The new tests added by these commits cover each fix individually. Most useful new fixtures: tests/hermes_cli/test_kanban_dispatcher_resilience.py (corrupt-board latch behavior under transient EIO) and the WAL-skip probe tests in tests/test_hermes_state.py.

Production validation

These commits have been running on local/runtime of my fork against five gateway processes (default + writing + admin + coder + researcher) on a Linux LXC for one to seven days each, depending on the commit. The writing board sustains roughly 200-400 commits per hour under typical workloads, mostly from dispatcher tick + worker heartbeat + event log writes. EIO rate dropped from hundreds per day to single digits.

PR scope checklist

steveonjava and others added 8 commits May 26, 2026 15:18
…te + cell_size_check + synchronous=FULL)

Production corruption NousResearch#6 left b-tree pages with zeroed headers but intact old cell content — the Bug E pattern. This fix applies three pragma calls on every connect():

- synchronous=FULL (was NORMAL): closes the WAL-checkpoint reordering window where a crash between WAL commit and main-DB write leaves a partially-written b-tree page header. Cost is <1ms per commit on local SSD; negligible at kanban write volume.

- secure_delete=ON: forces SQLite to zero freed page bytes on disk. If a torn write or hardware fault later corrupts a page, the underlying cell content is zero, so corruption is detectable and no stale rows can resurface as live data.

- cell_size_check=ON: adds a read-side guard so corrupt cells surface as errors at read time rather than as silent wrong-data returns.

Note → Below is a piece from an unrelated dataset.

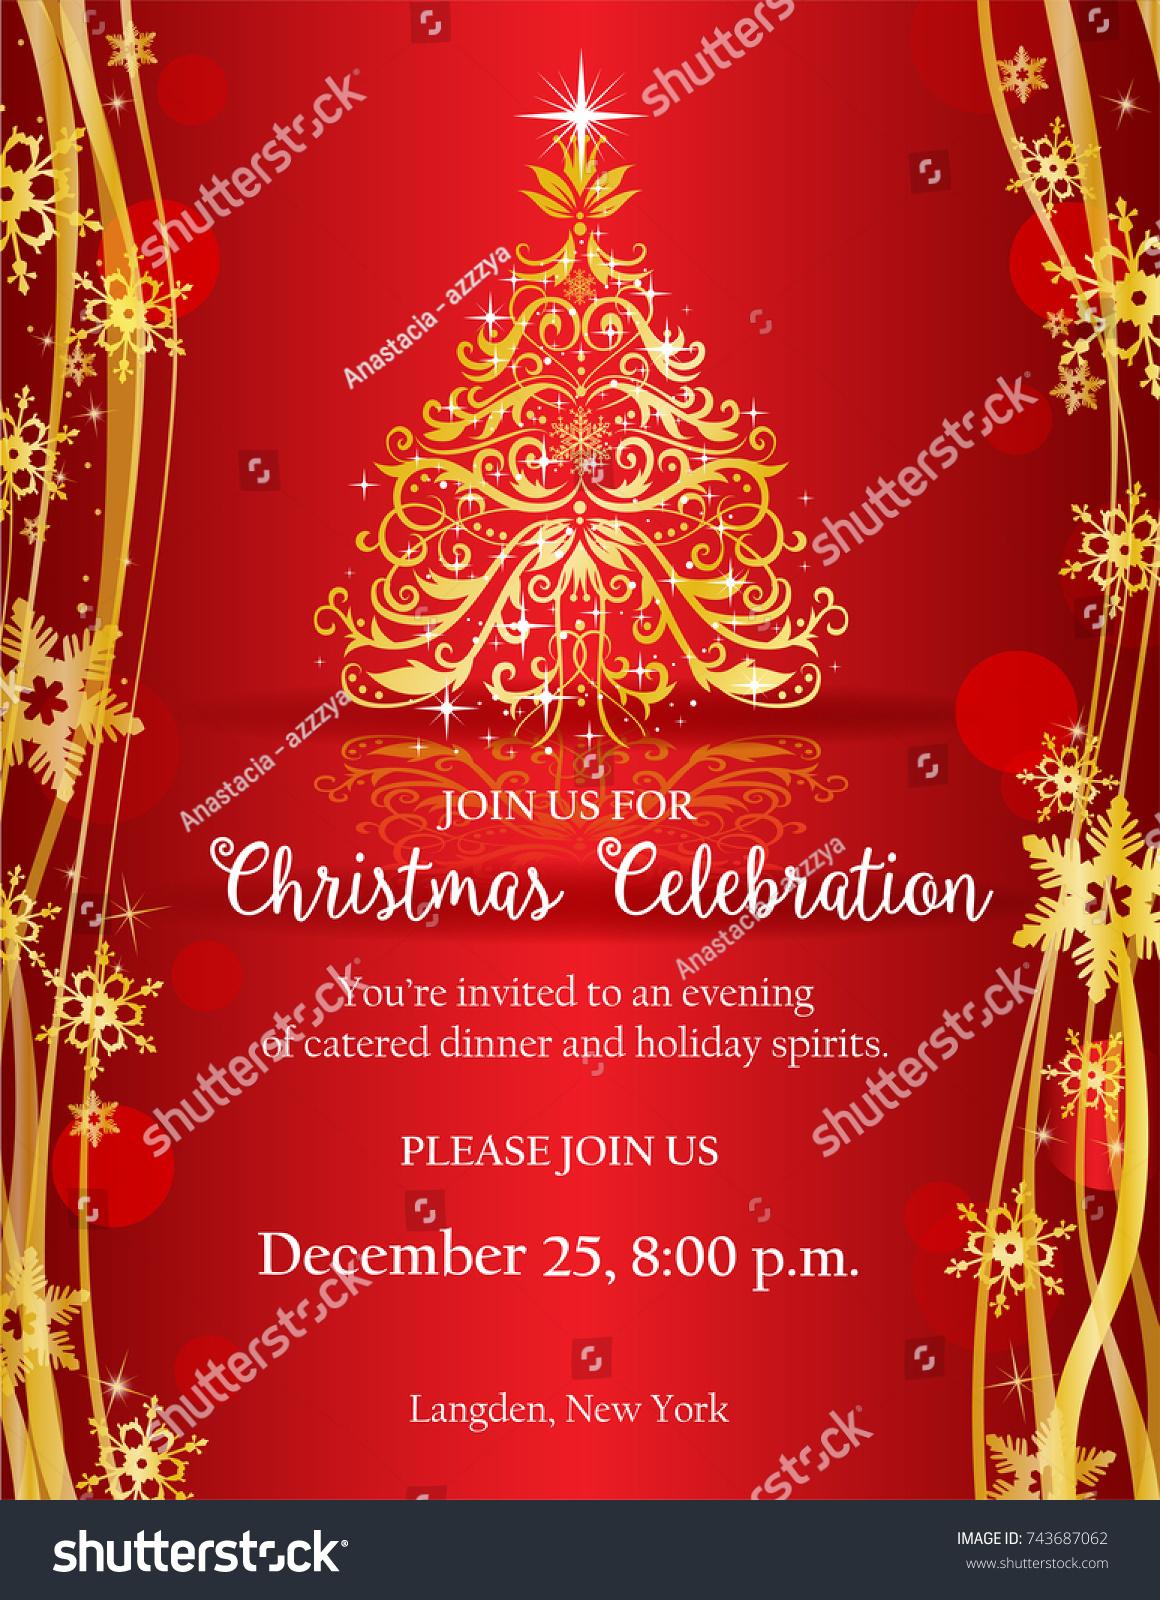 Christmas Party Invitation Ornate Golden Christmas Stock Vector

All three are connection-scoped and re-applied on every connect(). secure_delete also writes a persistent flag into the DB header on the first call against a fresh DB, making the protection durable across processes for new DBs.

Tests added for all four required cases: each pragma active on a fresh connection, and all three re-applied after close+reopen. Also adds the required negative test (migration path does not reset pragmas).
apply_wal_with_fallback() treated "disk i/o error" as a permanent
WAL-incompatibility marker, identical to "locking protocol" (NFS) and
"not authorized" (FUSE). But EIO during PRAGMA journal_mode=WAL is
typically TRANSIENT — page-cache pressure, brief lock contention,
recoverable storage hiccups — not a permanent filesystem property.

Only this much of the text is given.